Может ли его величество себе представить,
чтоб такое явное предпочтение к державе, которая, будучи так отдалена границами, не имеет никакого побуждения вмешиваться в польские дела, кроме
желания приобресть влияние интригами и подкупами, чтоб явное предпочтение, оказываемое такой державе, не могло не тронуть другие державы, ведшие
себя иначе при избрании его величества? Пусть Англия, Швеция, Дания не помогали этому избранию, но они и не действовали против него и возведение
на престол Станислава Августа признали самым дружественным образом; притом же и собственный интерес побуждает их содействовать внутреннему и
внешнему спокойствию Польской республики и всего Севера. Напротив того, Франция желает больше всего несогласий и смут на Севере; тесная связь с
Франциею никогда не спасала и впредь не может спасать Польшу от хлопот с соседями, а пребывание в Польше французский посланников усилит эти
хлопоты и произведет холодность. Относительно самого себя король польский, зная хитрость и высокомерие французской политики, должен быть
убежден, что Франция никогда не забудет случившегося с Станиславом Лещинским и что не только она, но и австрийский дом не простят России
избрание Станислава Августа и, конечно, всегда будут стараться поправить дело посредством саксонского двора. Для сохранения собственной
репутации я желал бы быть ложным пророком; но, к сожалению, ничего твердого и спокойного предвидеть не могу, если поведение в вашем месте не
переменится; надобны не слова, а дела, без чего мы можем нечувствительно отойти от тех наших политических расположений, которыми мы
руководствовались при старании о возведении на престол Станислава Августа, и остаться с Польшею в отношениях, какие были в прежнее время».
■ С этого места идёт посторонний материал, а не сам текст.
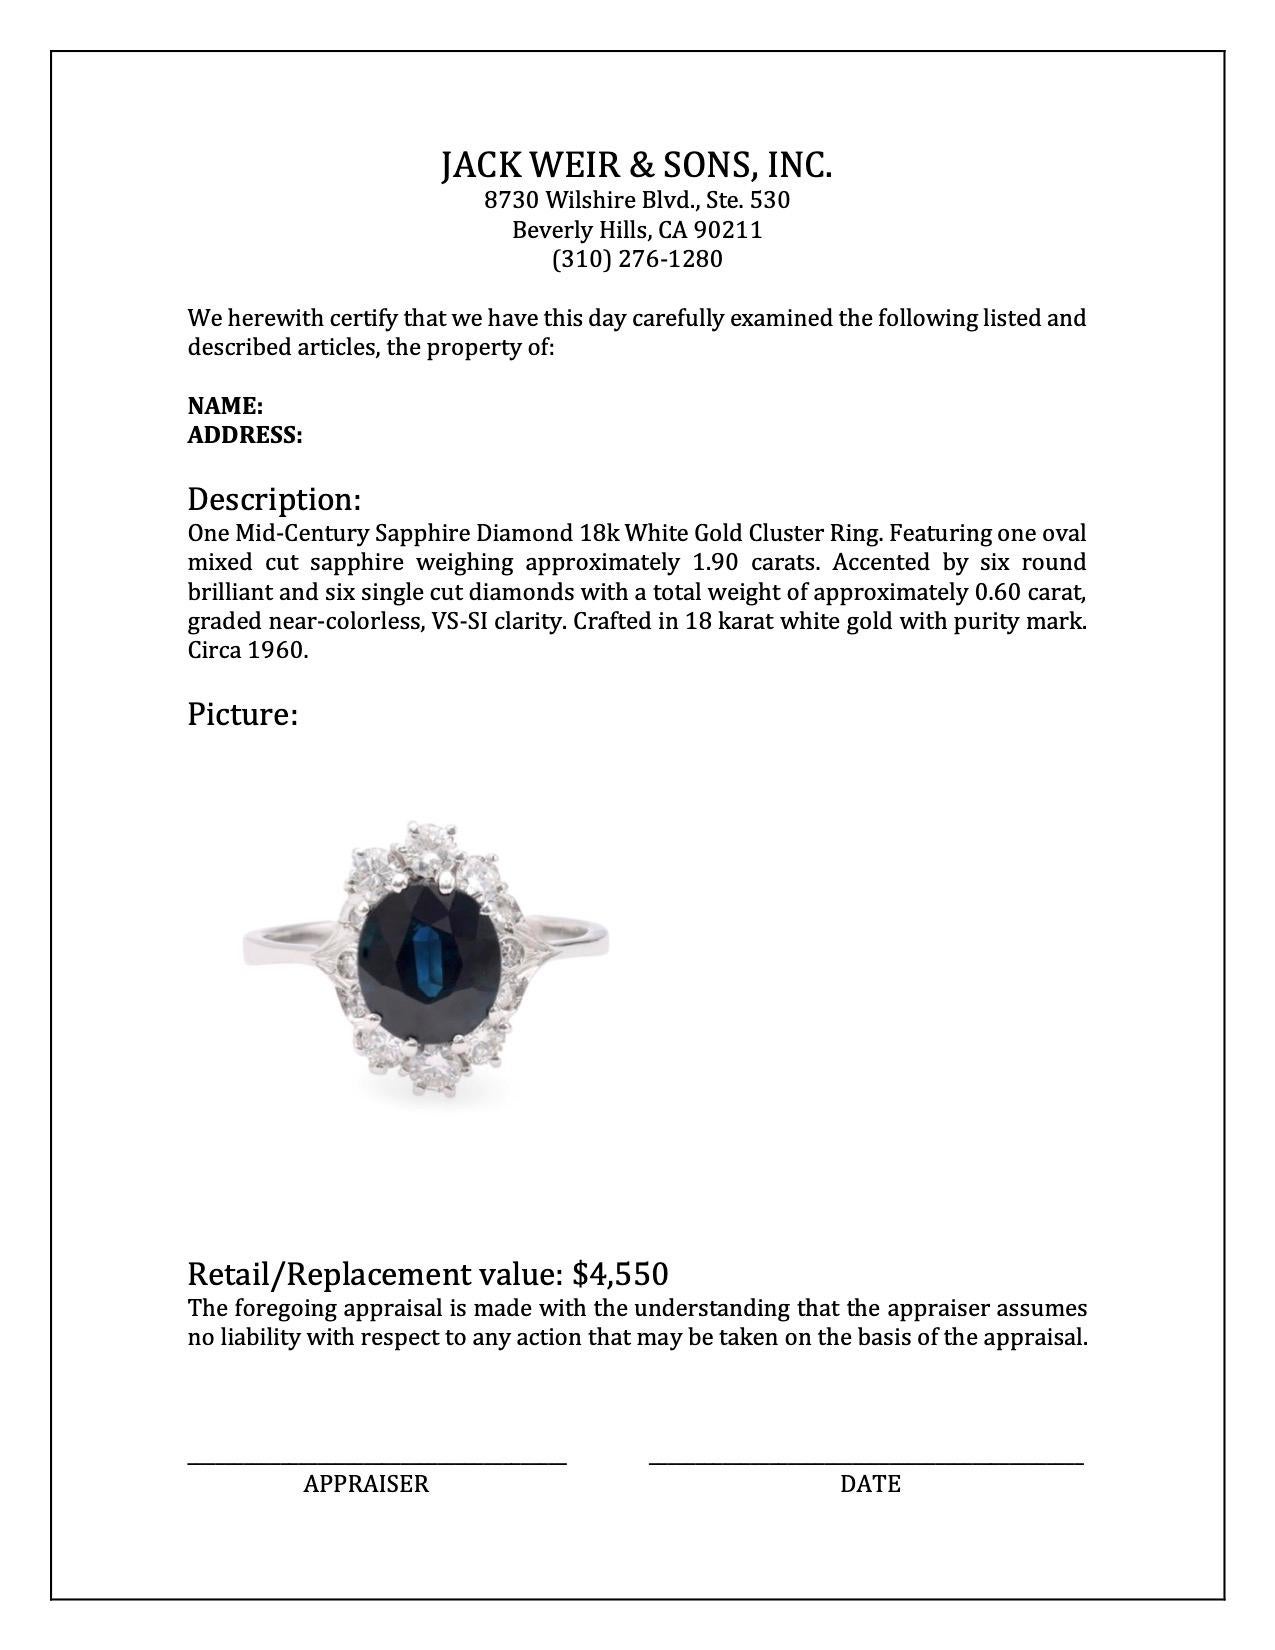 Women's or Men's Mid-Century Sapphire Diamond 18k White Gold Cluster Ring For Sale
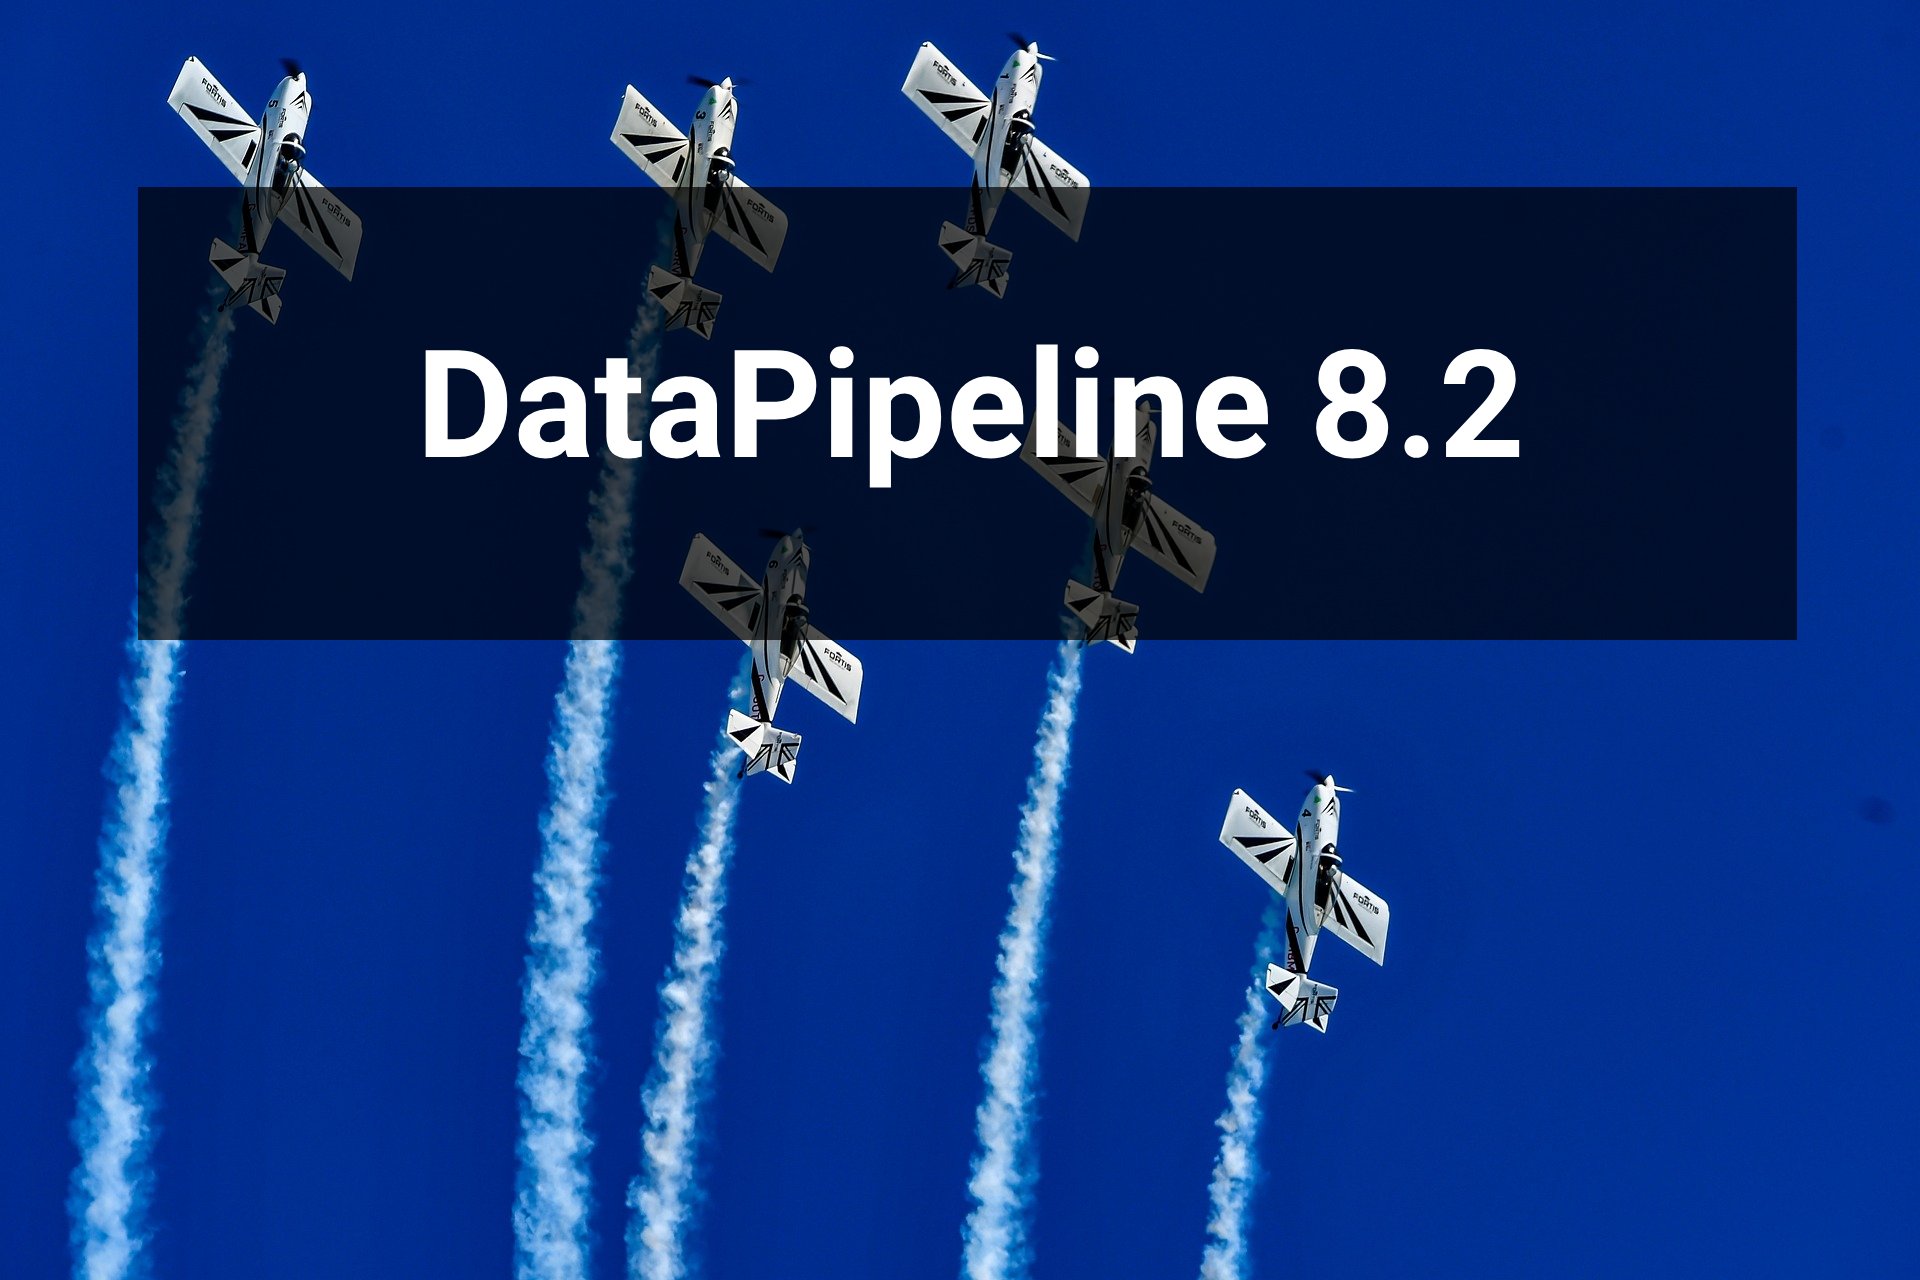 DataPipeline Release 8.2

Получив от Панина это письмо, Репнин тотчас же сообщил его содержание графу Ржевускому, который по возвращении из Петербурга жил в Варшаве; тот
отвечал, что действительно решение отправить во Францию министра принято слишком поспешно, и вместе уверял в искренней преданности короля
императрице и в отсутствии всякого поползновения разделить польскую политику от русской; поспешность же относительно посылки министра во Францию
объяснял тщеславным желанием короля быть поскорее от всех признанным. Поговоря с Репниным, Ржевуский тотчас же поехал к королю сообщить ему о
письме Панина. Следствием было то, что король прислал за Репниным, которого встретил не со слезами только, но с рыданием и совершенным
сокрушением о том, что в Петербурге усумнились в его искренности и совершенной преданности. «Я, – говорил он, – теряю более, чем жизнь и корону,
когда лишаюсь дружбы и доверия императрицы; выходит, что ее императорское величество никогда меня не знала, если сомневается в моем прямодуший».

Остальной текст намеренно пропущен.